▸ EXERCISE DESCRIPTION:
Repeat the listing word for word. No pictures belong in the copy.

▸ GIVEN MATERIAL:
BEGIN

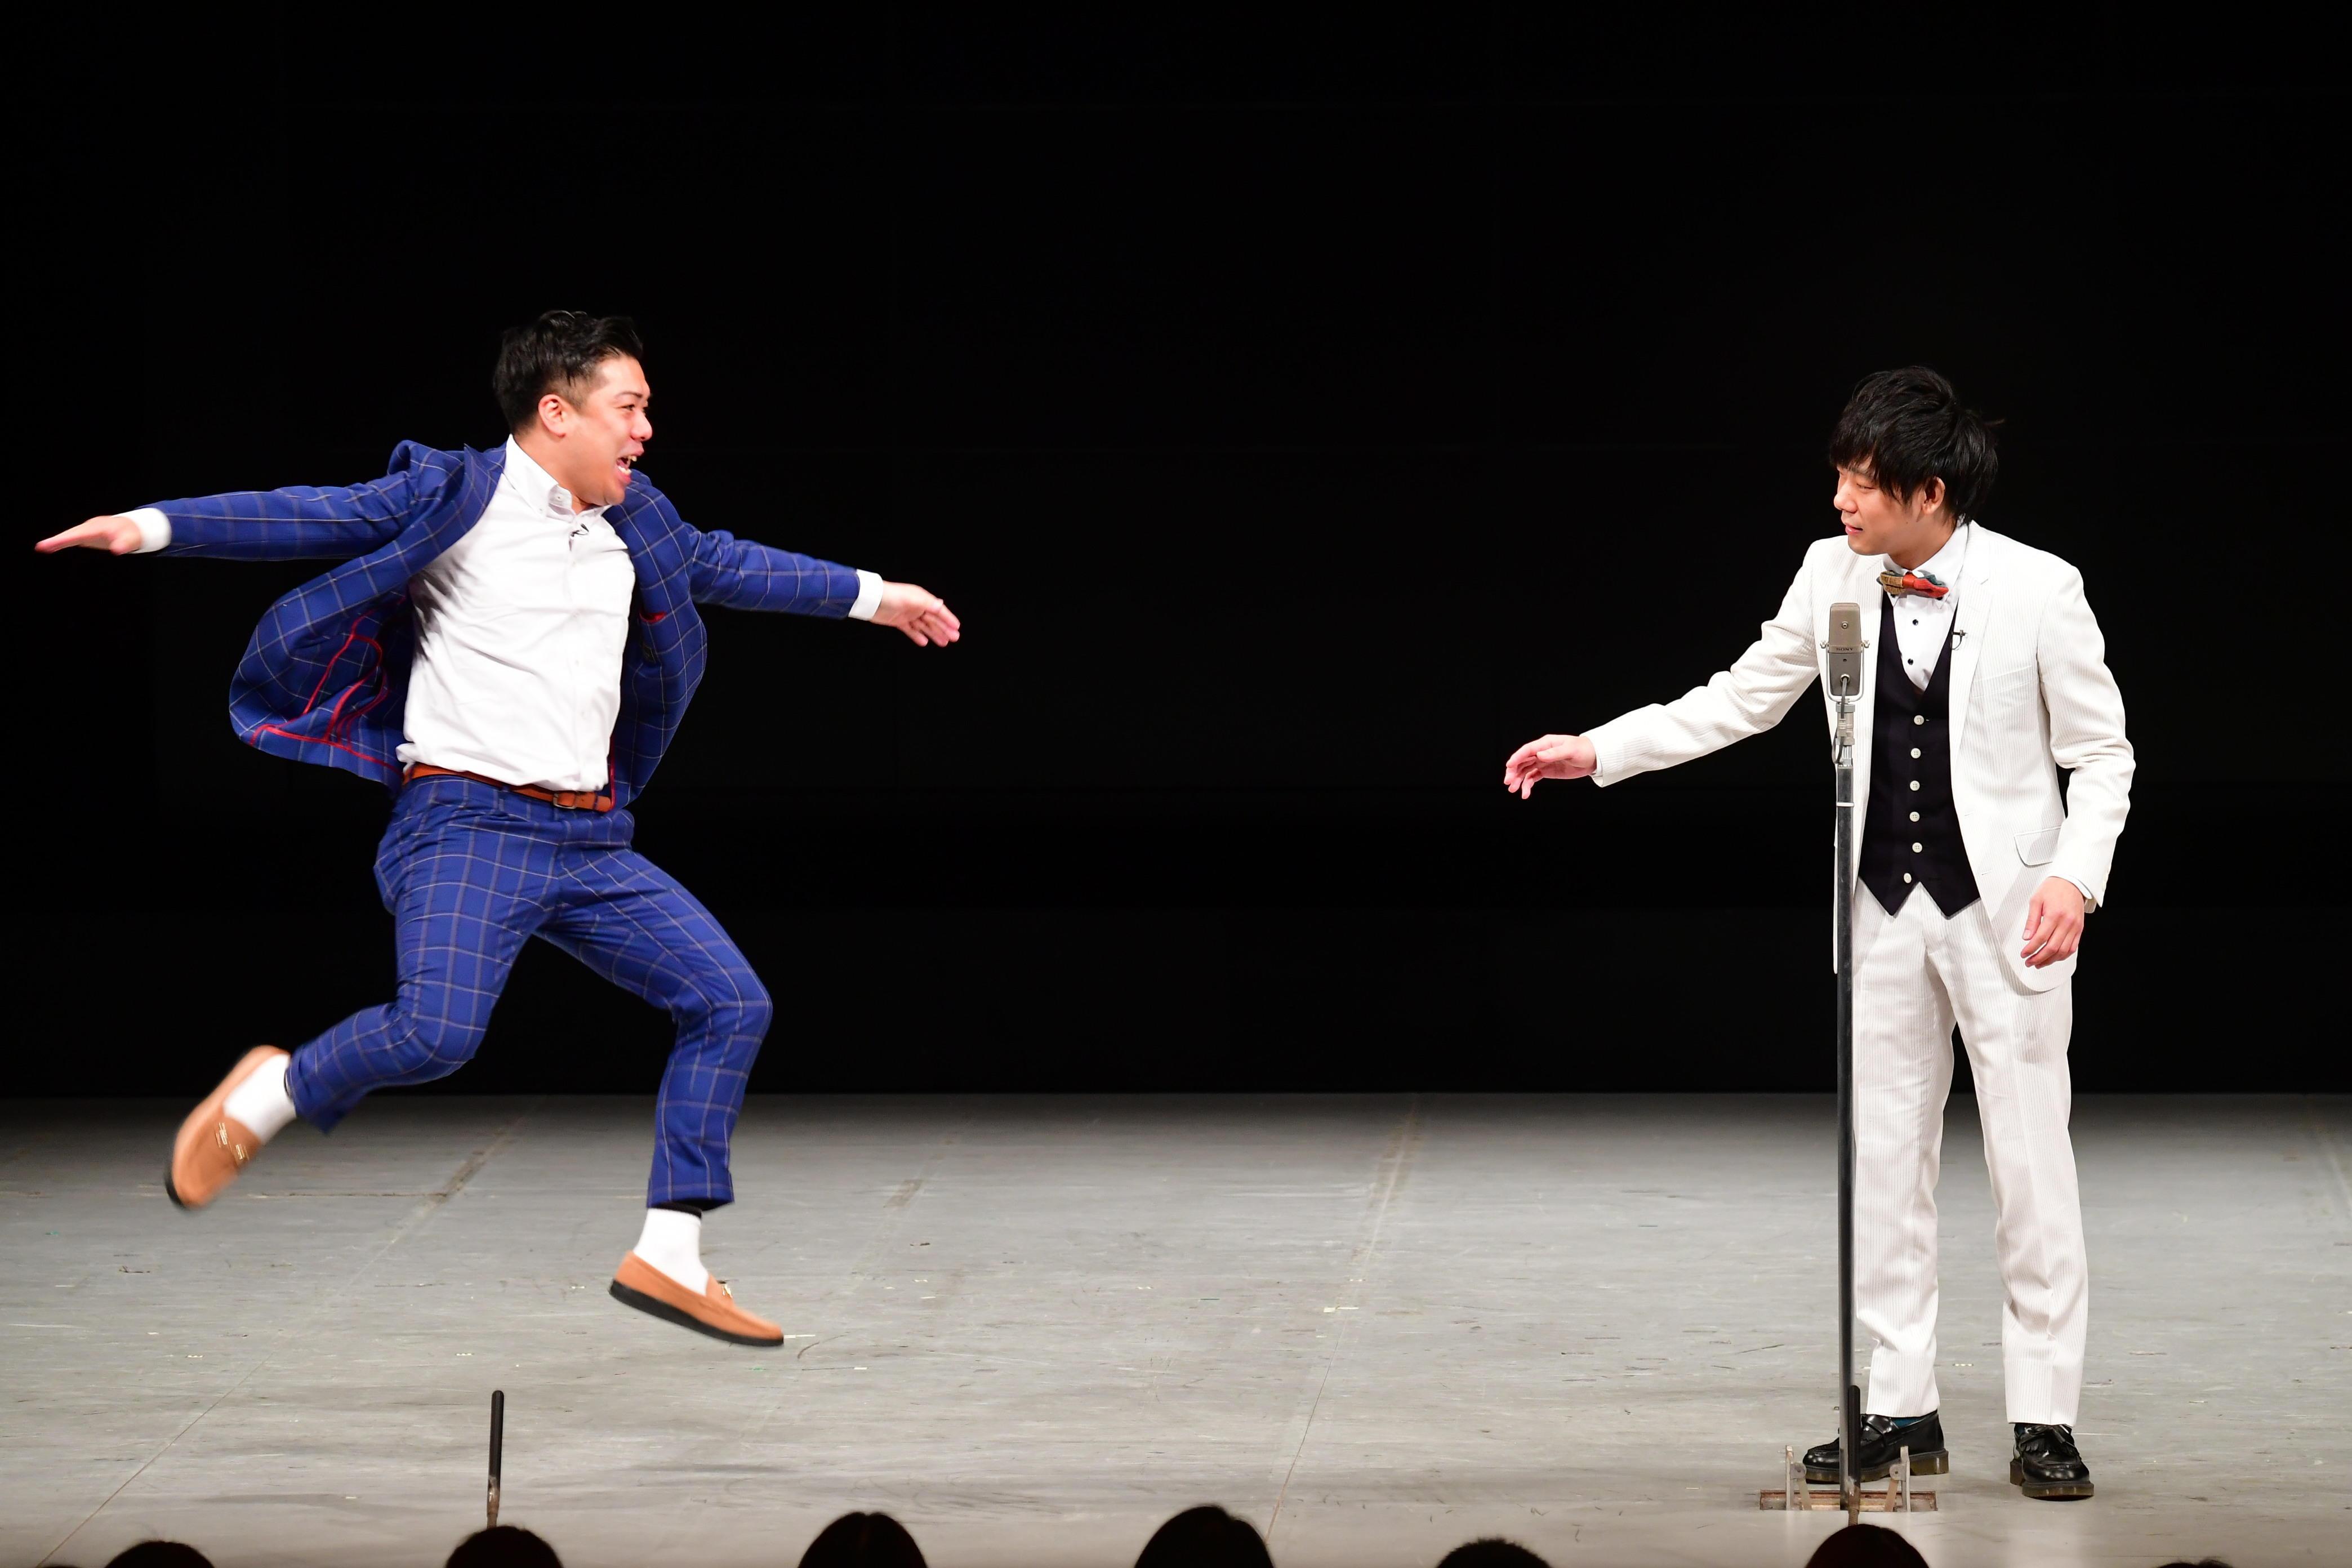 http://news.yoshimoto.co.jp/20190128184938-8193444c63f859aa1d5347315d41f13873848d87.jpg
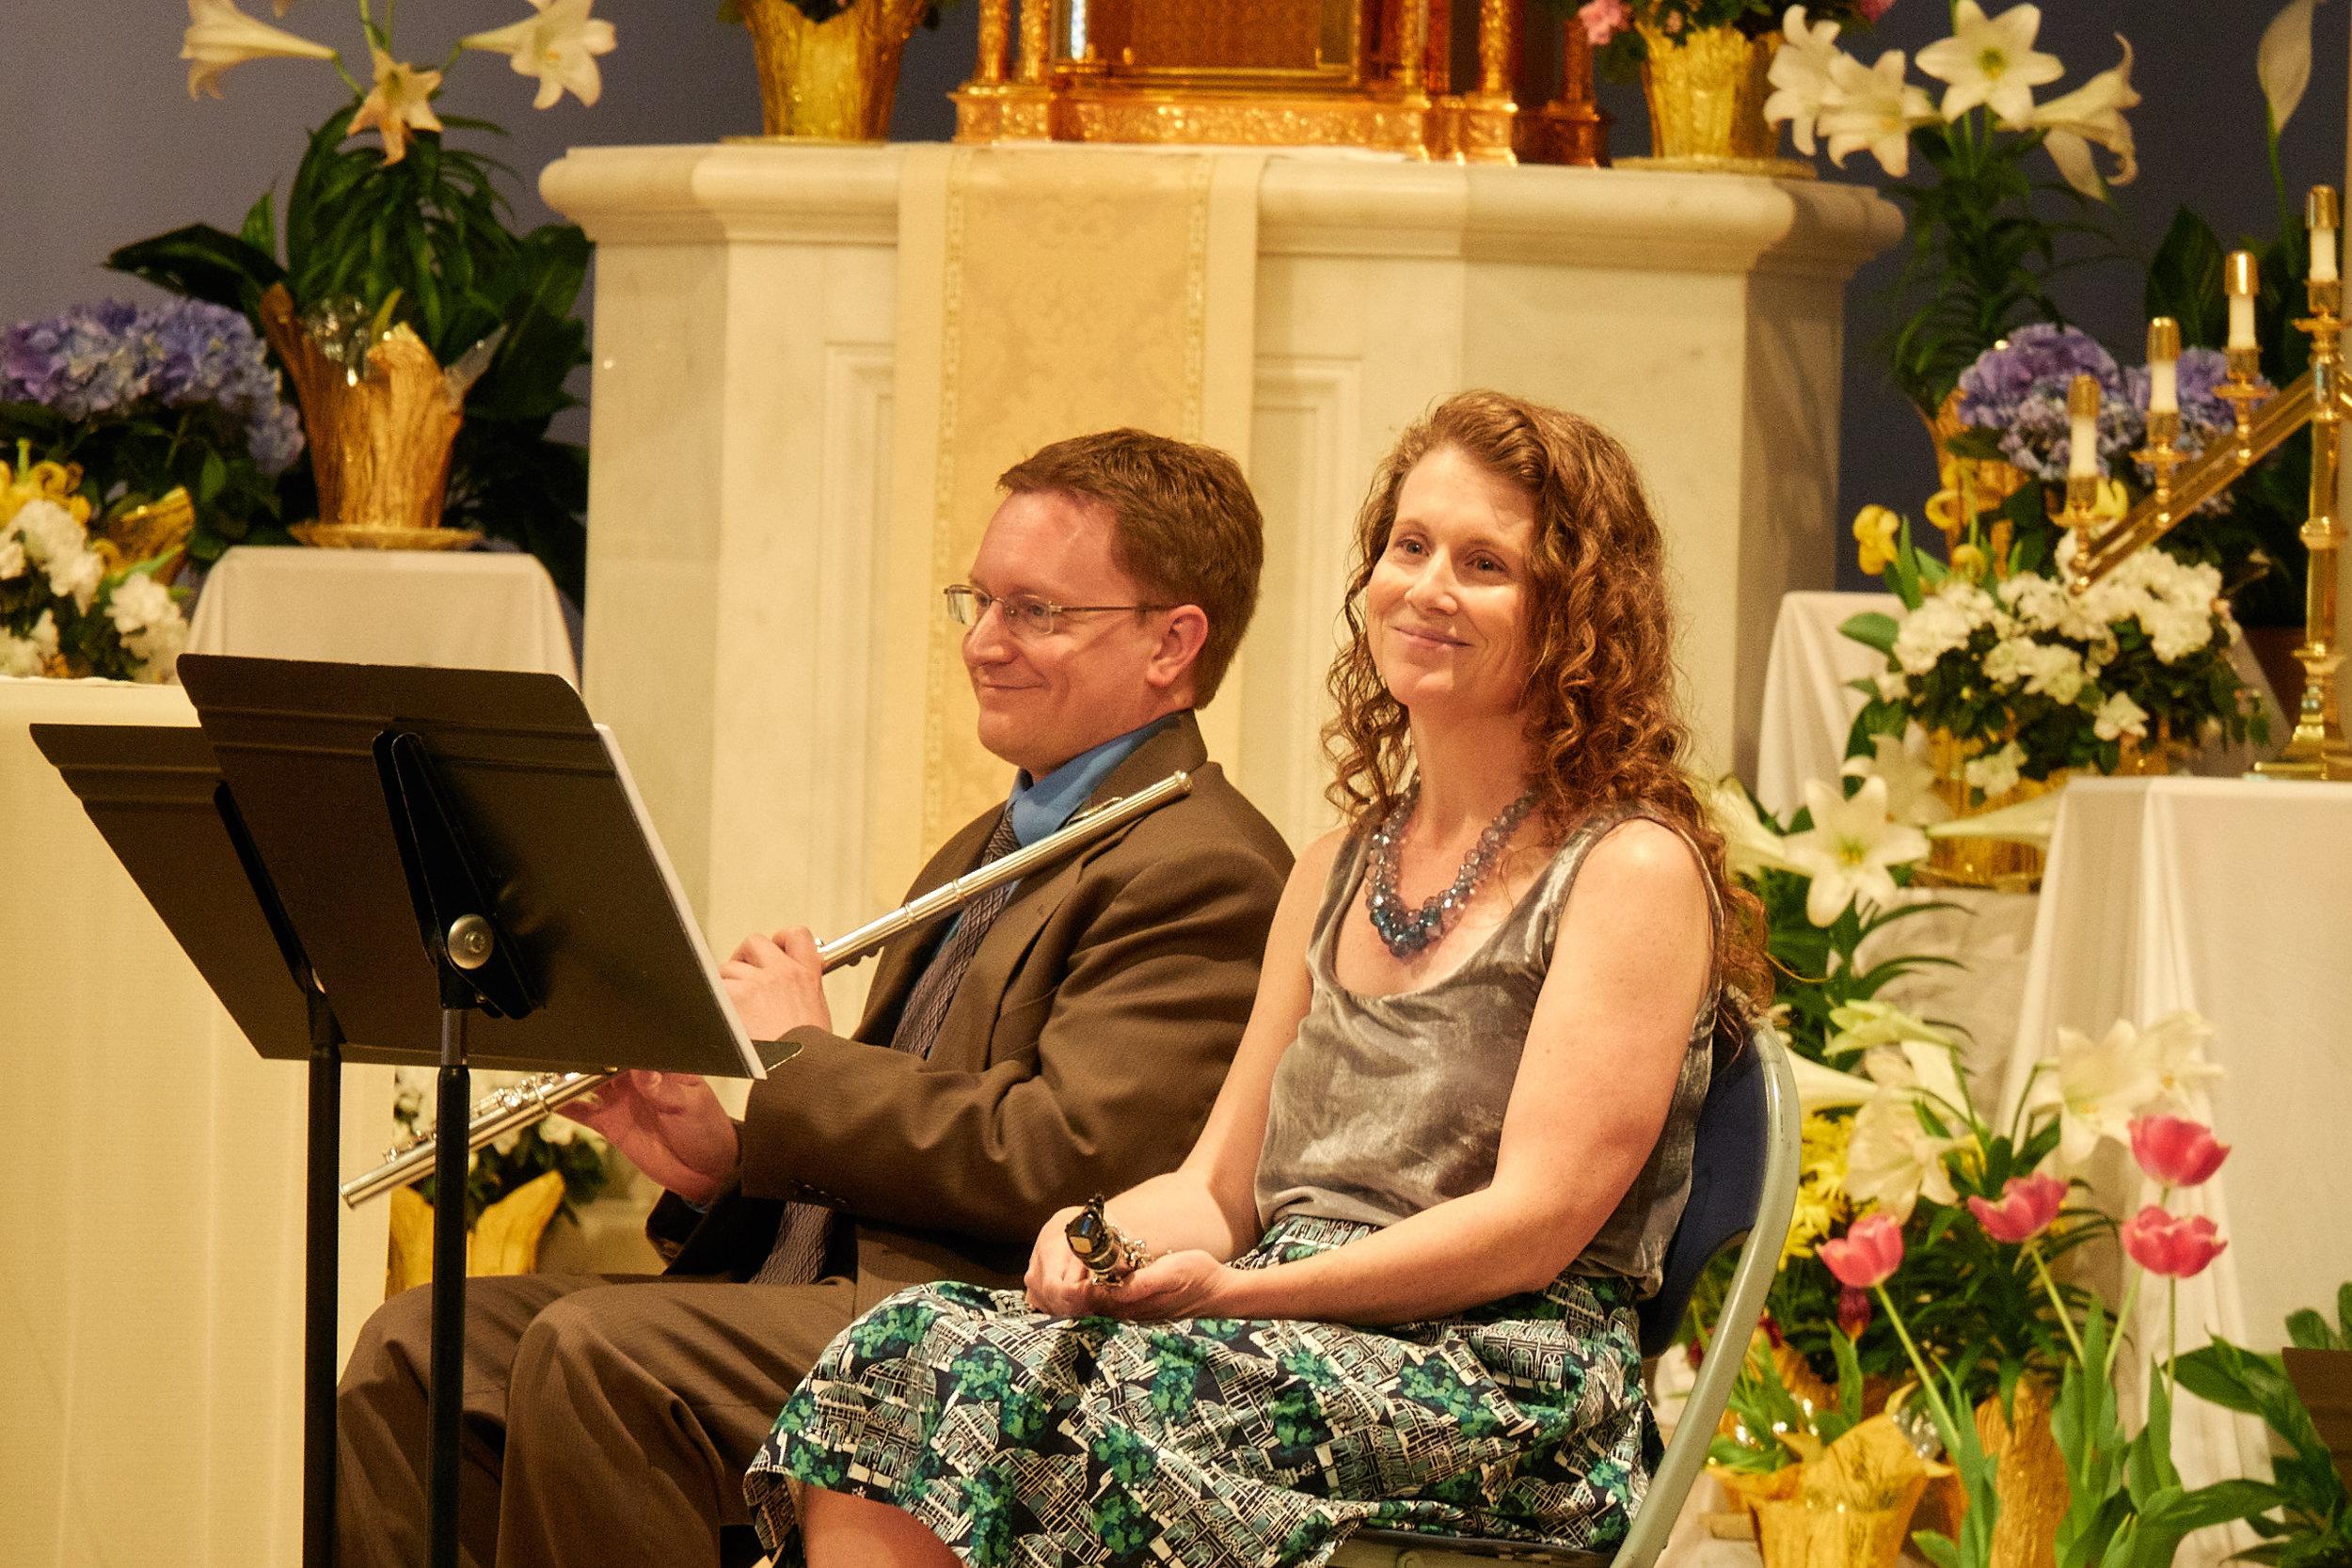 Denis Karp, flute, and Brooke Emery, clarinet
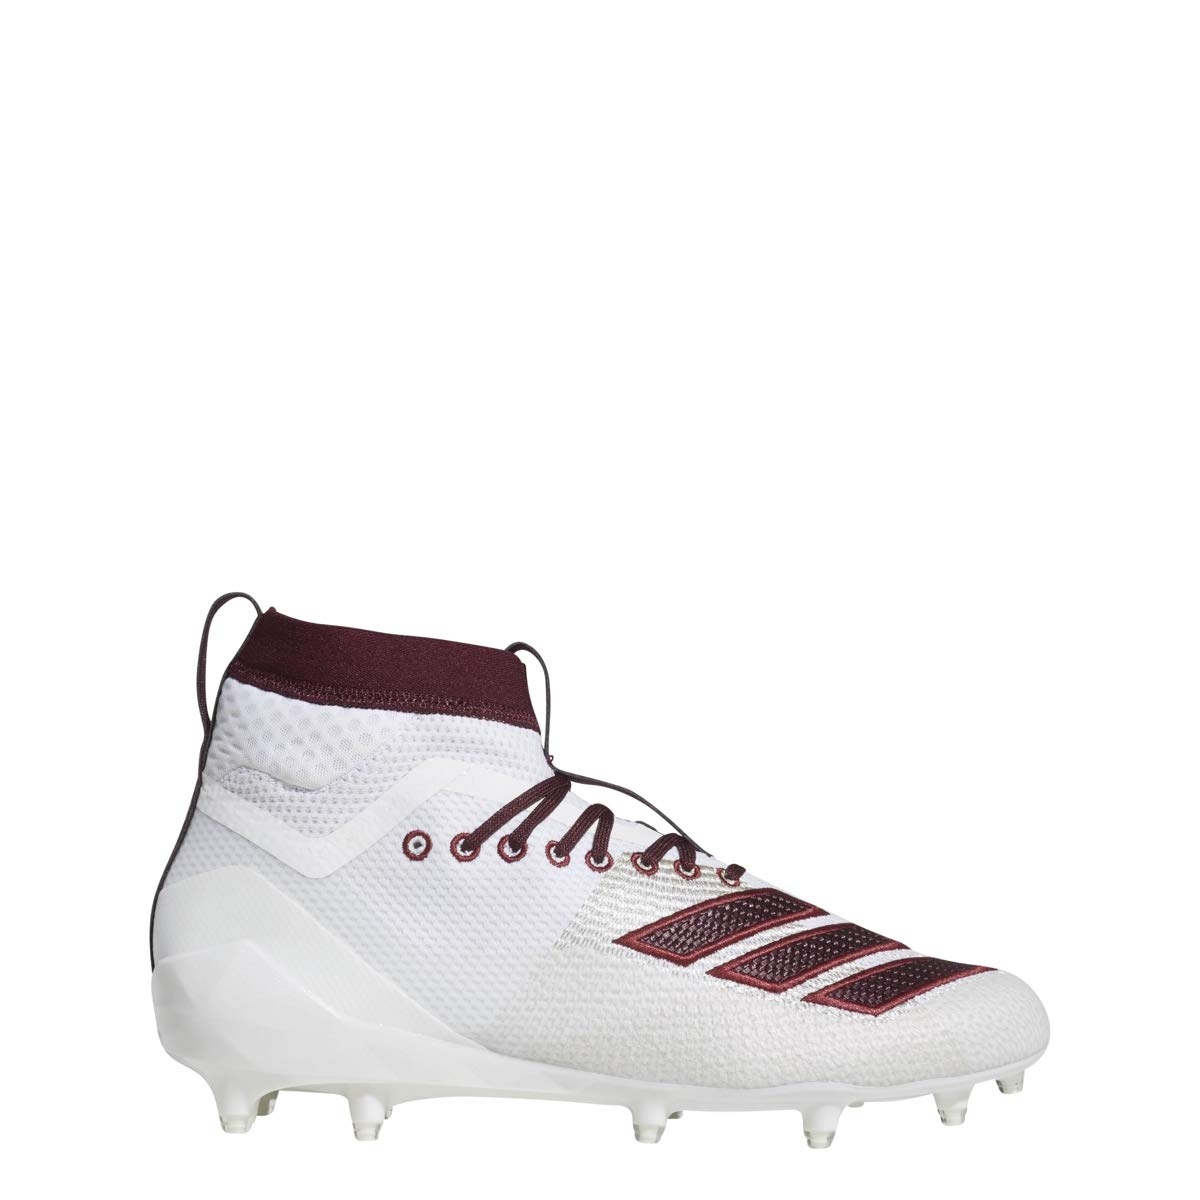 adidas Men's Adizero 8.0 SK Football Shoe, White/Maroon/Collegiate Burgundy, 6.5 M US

END

▸ RESPONSE TO THE TASK:
 http://news.yoshimoto.co.jp/20190128184938-8193444c63f859aa1d5347315d41f13873848d87.jpg
 Denis Karp, flute, and Brooke Emery, clarinet
 adidas Men's Adizero 8.0 SK Football Shoe, White/Maroon/Collegiate Burgundy, 6.5 M US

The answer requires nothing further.